Impact of Travel Insurance Losses on Insurers’ Credit Profiles
Although it is anticipated that the travel insurance business will be unprofitable for most companies this year, losses should remain manageable given insurance companies’ high degree of diversification across different business lines. For most of the largest travel insurance providers, travel insurance typically accounts for less than 5% of their total gross premiums written. The relatively low contribution of travel insurance to overall revenues will help mitigate the impact on insurance groups’ credit profiles.

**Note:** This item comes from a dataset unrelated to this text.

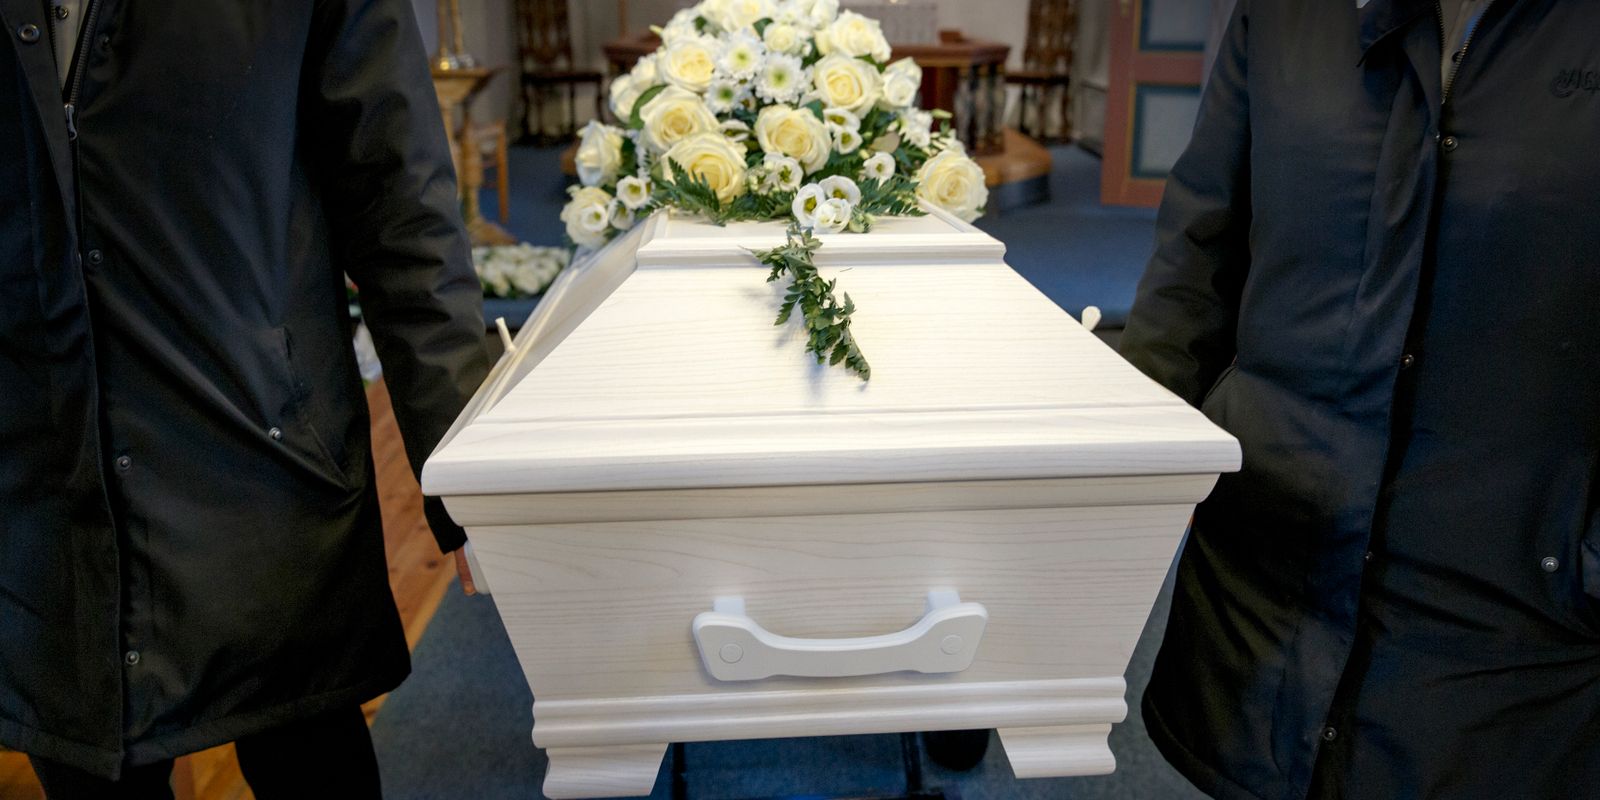 begravningsbyrå förväxlade döda – begravde fel person

It is expected that travel insurance will become more expensive in the short term, given the mounting losses generated by numerous flight delays and cancellations. Some travel insurance companies could also stop providing trip interruption and cancellation coverages for some time, focusing more on the medical side of the business. However, we believe that such a strategy will be only a temporary restriction as airline and airport performance improves over the upcoming months. However, some insurance companies could exit or substantially decrease their exposure to the travel insurance business, given the volatility in profitability since the beginning of the pandemic. Moreover, a resurgence in coronavirus cases could force governments to reintroduce travel restrictions, which would negatively affect the demand for travel insurance.